Он сунул трубку в рот и затянулся, показывая, что больше говорить не о чем.
Адам хорошо знал, что с шотландцами спорить бесполезно. В скверном настроении он вышел из редакции и пошел по набережной. В порту кипела обычная работа, и впервые за все время Адам посмотрел на нее, как на зло: ведь все, что делается в этом некогда крупном речном порту, портит реку, которой от роду целая вечность. Порт пачкает, мутит ее воды, губит берега. В воде плавают бумага и апельсиновая кожура; грохот лебедок и железнодорожных составов заглушает изредка долетающие из соседней рощи птичьи голоса; голубое небо задымлено.
Потерпи! Приходи через годик! Он что, идиот, думает, что можно терпеть пятнадцать лет, или он предполагает, что все это время я буду утешаться с кем-нибудь вроде Минны?
Так, во власти горьких мыслей, он добрался почтовым дилижансом до дома.
Дома Эстер засуетилась, принесла чай, горячие лепешки и, подавая сыну чашку или тарелку с едой, пыталась по глазам определить, что тревожит его, в чем причина сумеречного настроения. Но Адам не собирался открываться ей.
Дели поняла: что-то случилось, и когда Адам закончил рассказывать матери новости, предложила вытащить на воду лодку.
– Зачем? – мрачно спросил Адам.
Дели покраснела и удивленно посмотрела на брата.
– Он устал, Филадельфия, ему не до рыбалки, ведь он так долго ехал по реке, там столько поворотов, у меня от них просто голова кружится. Я уверена…
– Я приехал дилижансом, мама.
– Ну все равно. Пойди лучше покатайся на лошади, хоть аппетит нагуляешь к чаю. Я приготовила твои любимые пампушки с патокой, – торжественно произнесла она.
Мальчишески пухлые губы Адама цинично скривились.
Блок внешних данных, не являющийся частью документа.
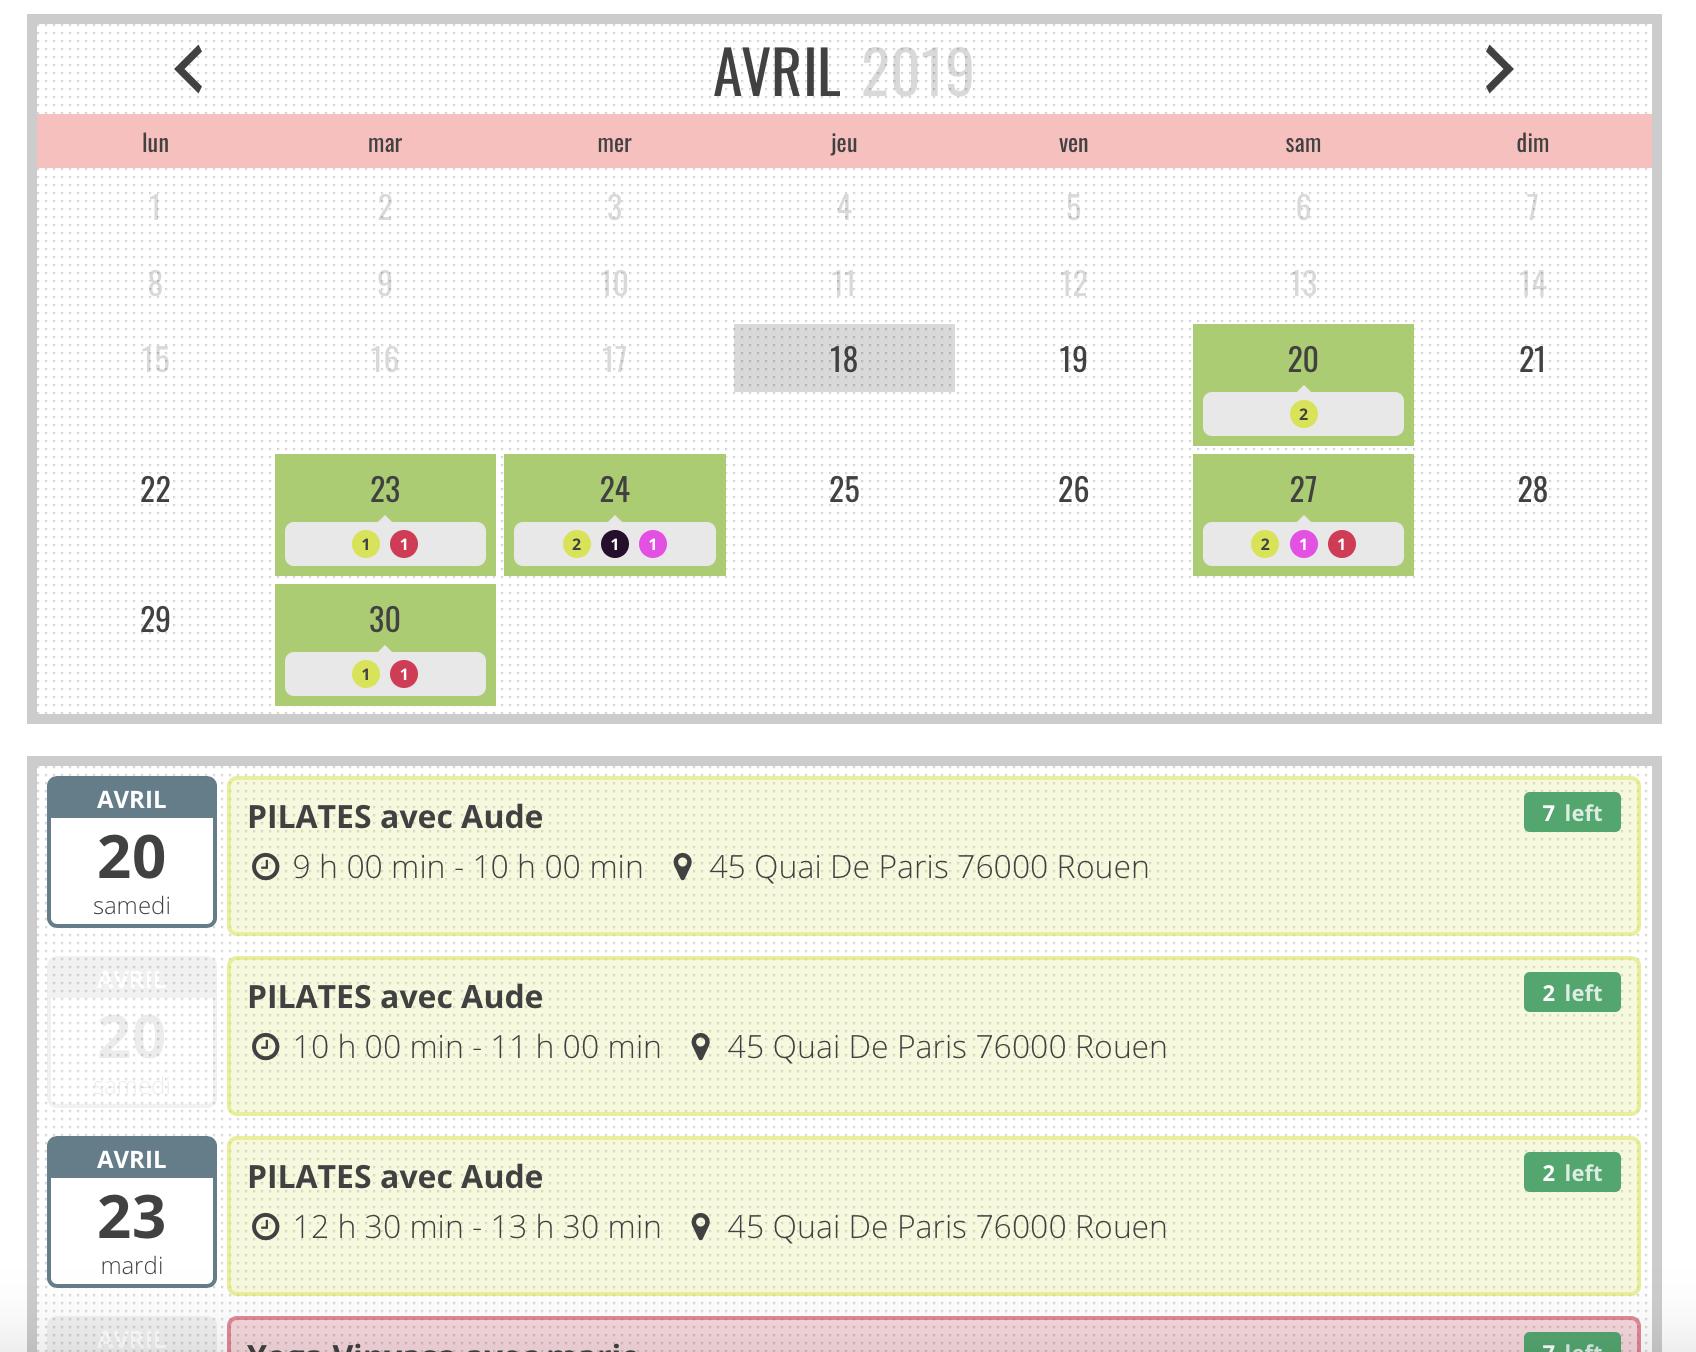 Capture d'écran 2019-04-18 à 20.48.43.png

– Удивительно, как женщины не хотят, чтобы мужчина взрослел, – сказал он, глядя на каминную решетку. – Вам двоим это всегда удавалось. Как только я появлялся дома, вы сразу начинали обращаться со мной как со школьником. Мне беспрестанно навязывали то еду, то активный отдых. Набить брюшко да порезвиться всласть – чего ему еще желать?
Дели стиснула зубы и стала смотреть на свои руки. Позже она, конечно, узнает, почему он так себя ведет. Но чего ради он говорит о ней, как о какой-то идиотке, да еще равняет с Эстер? Она не выносила, когда ее сопоставляли с «женщинами вообще».
Эстер сидела с обиженным видом и недоумевала. Что на него нашло? Думает, раз получает зарплату, как взрослый, значит, уже вырос? Она поднялась и вышла в кухню.
Дели выжидательно смотрела на брата: подойдет? Поцелует? Целых три педели не виделись, а он и не смотрит! Адам не двинулся с места. Он уселся поглубже на стуле и принялся грызть ноготь. В комнату, улыбаясь и что-то напевая, вошел Чарльз. В сезон он настриг с овец рекордное количество шерсти и надеялся получить за нее приличный куш. Адам уже раскаивался, что нагрубил матери, ему было стыдно за себя. Он коротко поздоровался в ответ на непривычно теплое приветствие отца.
– Я хотел поговорить с тобой, сын, – сказал Чарльз. Дели встала, чтобы выйти из комнаты, но дядя остановил ее.
– Сиди, пей свой чай. Здесь никаких секретов нет… Адам, сынок, я думаю, тебе не очень удается откладывать со своего жалованья?
– Ты прав. Совсем не удается.
– Я так и подумал, – отец оглядел сына: новенький, с иголочки костюм, модный высокий воротник, шелковый галстук. – Так вот, год у меня был довольно прибыльным, и я могу тебе помочь. – Он сделал выразительную паузу.
Адам весь напрягся и, с силой вцепившись в ручки кресла, подался вперед.
– Да? – хрипло спросил он.
– Да. Я подумал, что мог бы давать тебе немного карманных денег. Положим, пять шиллингов в неделю, в месяц целый фунт. Хватит на шелковые галстуки и платочки. Что ты на это скажешь?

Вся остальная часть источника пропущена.